SAMSUNGJOY!  SMILES!  DANCING!  Advent (and LIFE!) practices!

This year I have been reading a number of ancillary works on Therese of Lisieux, my ‘confirmation saint’ and one of my (thank God, many!) familiar companions within the communion of saints.  As I finished one of these texts today, I came across an excerpt of a song that I wanted to share with you all, as Advent’s O Antiphons draw us daily closer to the celebration of the mystery of the Incarnation.

Joy, rooted in utter confidence in God’s mercy and love, was for Therese a way of expressing her love of God.  She invited the novices she mentored to PRACTICE SMILING.  This joy of which Therese spoke was not for her – or for her novices, or us – the absence of suffering or the presence of comfort and consolation. It is a way of making concrete our gratitude for God’s tenderness with us and for us, and God’s entering into everyday companionship with us.  It is a way of making concrete – literally – with our faces – our trust (or desire to trust) the Abba that the Babe of Bethlehem will tell us about and connect us with in wondrous ways.  It is a “Gloria in Excelsis Deo” sung in the very everydayness of each of our lives – from laundry and dishes to errands and bill paying, from creative work to doldrum must-dos, from loving and caring to weeping and mourning.

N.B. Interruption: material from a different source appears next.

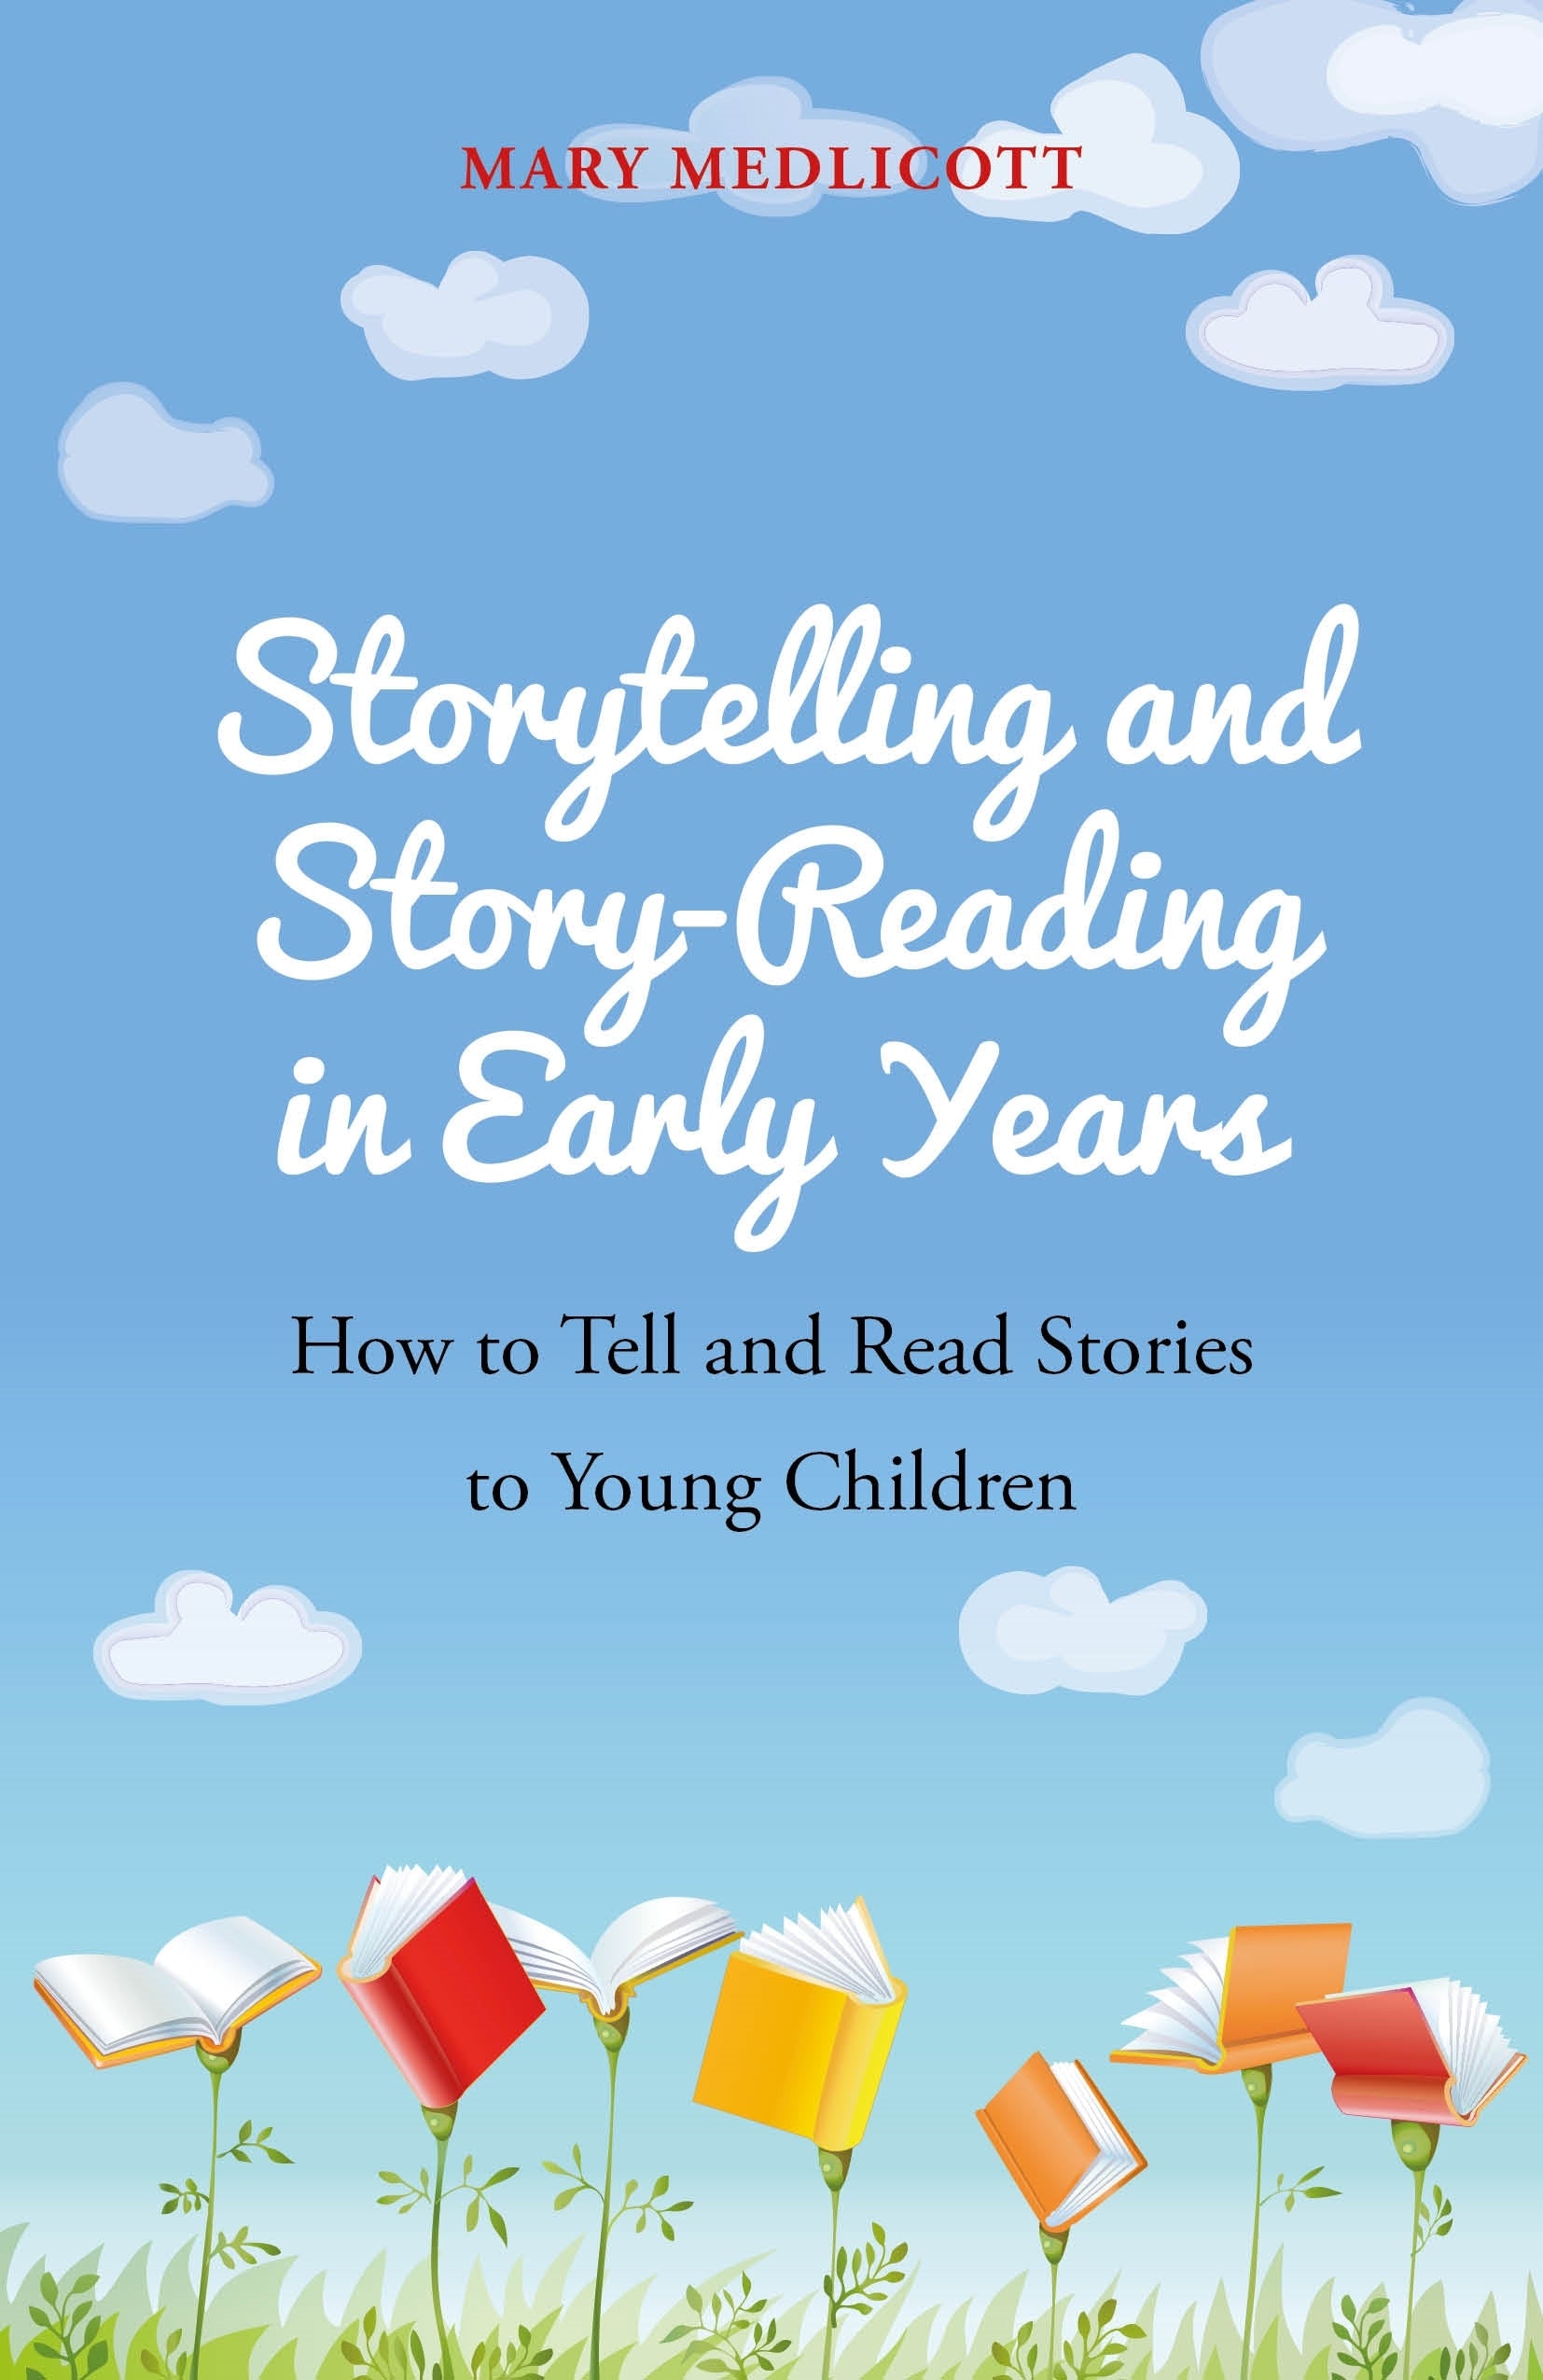 Storytelling and Story-Reading in Early Years by Mary Medlicott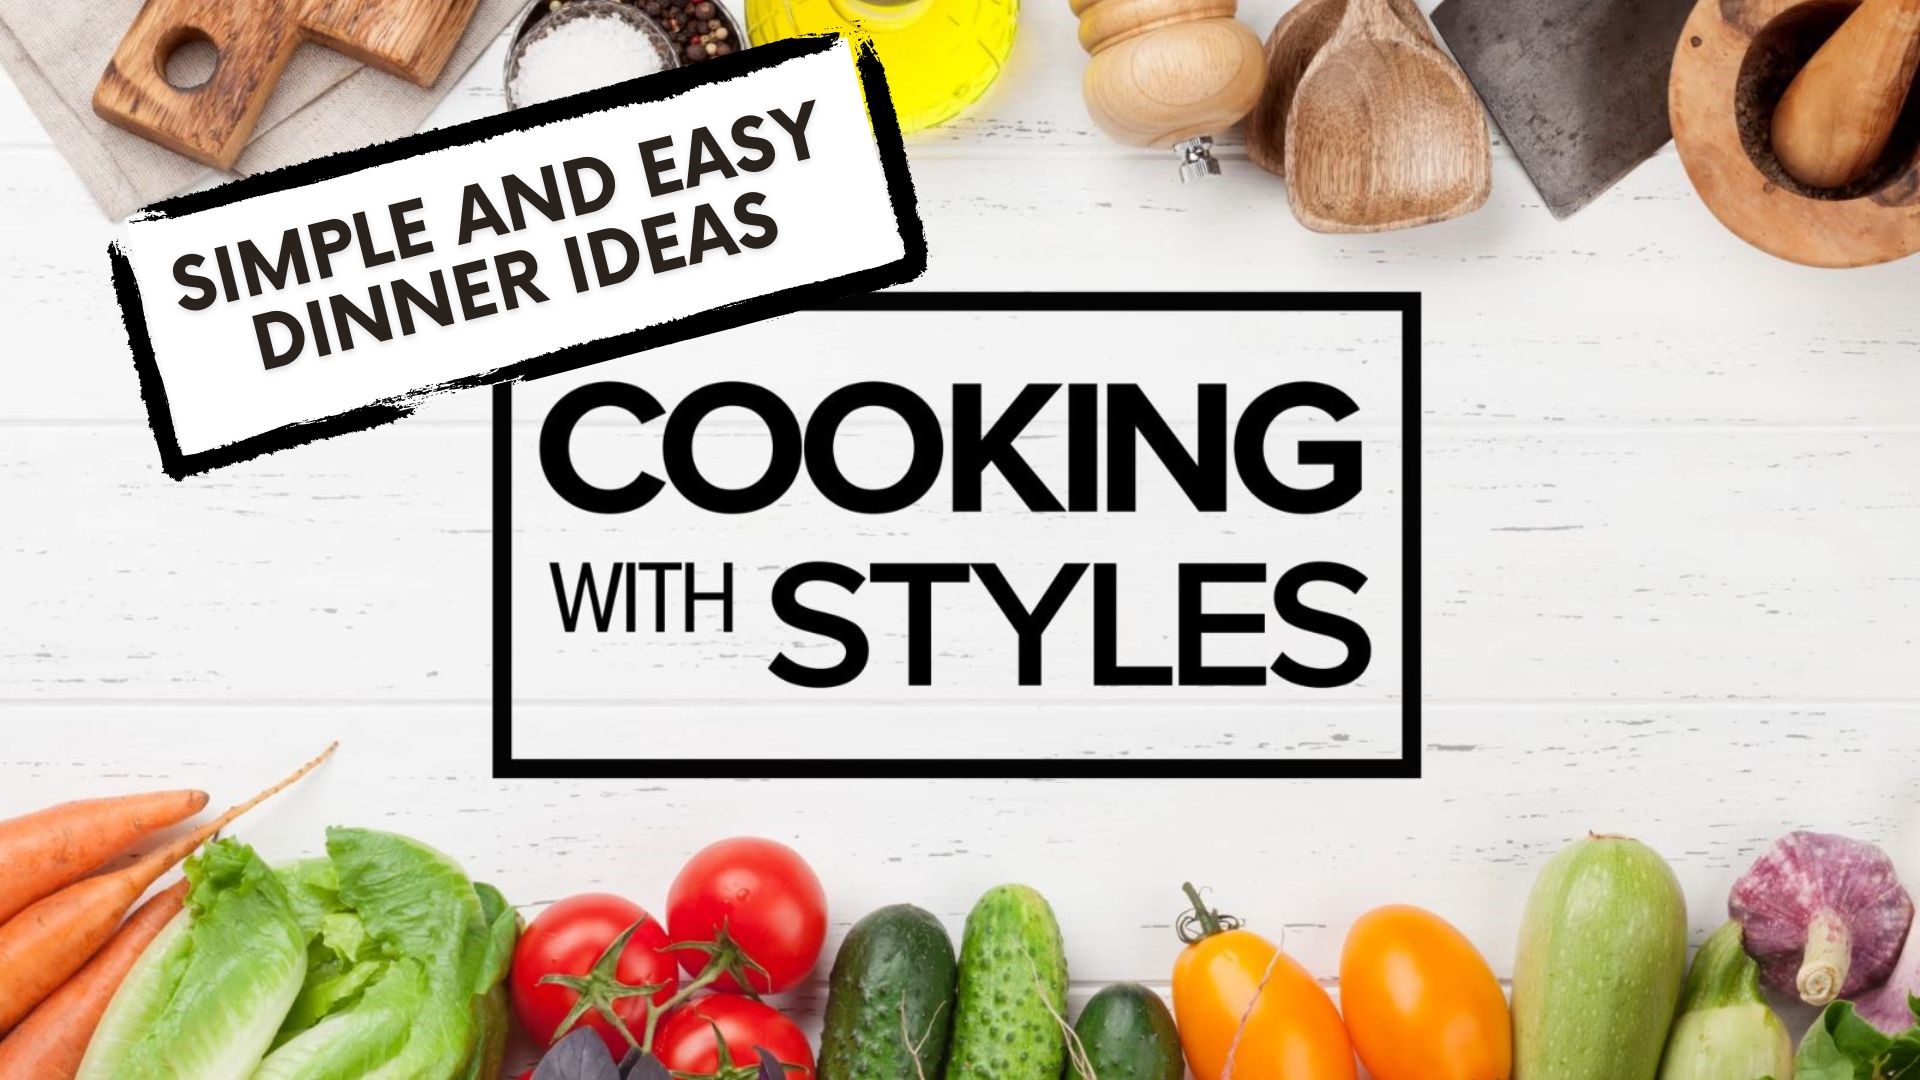 Shawn Styles shares simple and easy dinner recipes for those looking for new ideas. From one pan Greek chicken to rigatoni con vodka sauce, Shawn has you covered.

In a time when we hear of Laughter Yoga meetings and the great value of humor and lightheartedness for our health, it strikes me that this young Carmelite friend tutors us to live this in a very grounded way.

thereseLife brings moments of happiness and of suffering — seasons sometimes of both.  Our weaknesses and sufferings Therese sees as opportunities to both let God lift and carry us (Jesus’ arms as the elevator, as she puts it), and as ways to give our lacks of courage or downright failures or very difficult pains to God who can meet and transform and use these.  Her confidence in God’s love – felt or not – is a reciprocity to this extravagant love she has received.  And she insists that that confidence should appear in our manner of speaking, walking, talking – and appear on our faces!  Smiling and communicating a positive presence are possible for us to choose — and they make a difference in others’ days as well as enhancing our own.  Truth is more that whatever this moment’s emotion, pain, joy, work, delight, grief bring.  Truth is that we are “rooted and grounded in love” (Ephesians).  Will we choose to inform our way of being with this truth, and so communicate Good News?  Evangelize, if you will.

What better way to prepare a way, these last days of Advent, for our hearts to welcome the Child of Christmas with true eyes that see hope and wonder?  God enters our vulnerable flesh, our everydayness, our seasons and moments.  Can we live in the reflection of that joy, that gift?  Can we inform our faces?  Our lives?  Our tones of voice?  Our interactions and chores?  Our work?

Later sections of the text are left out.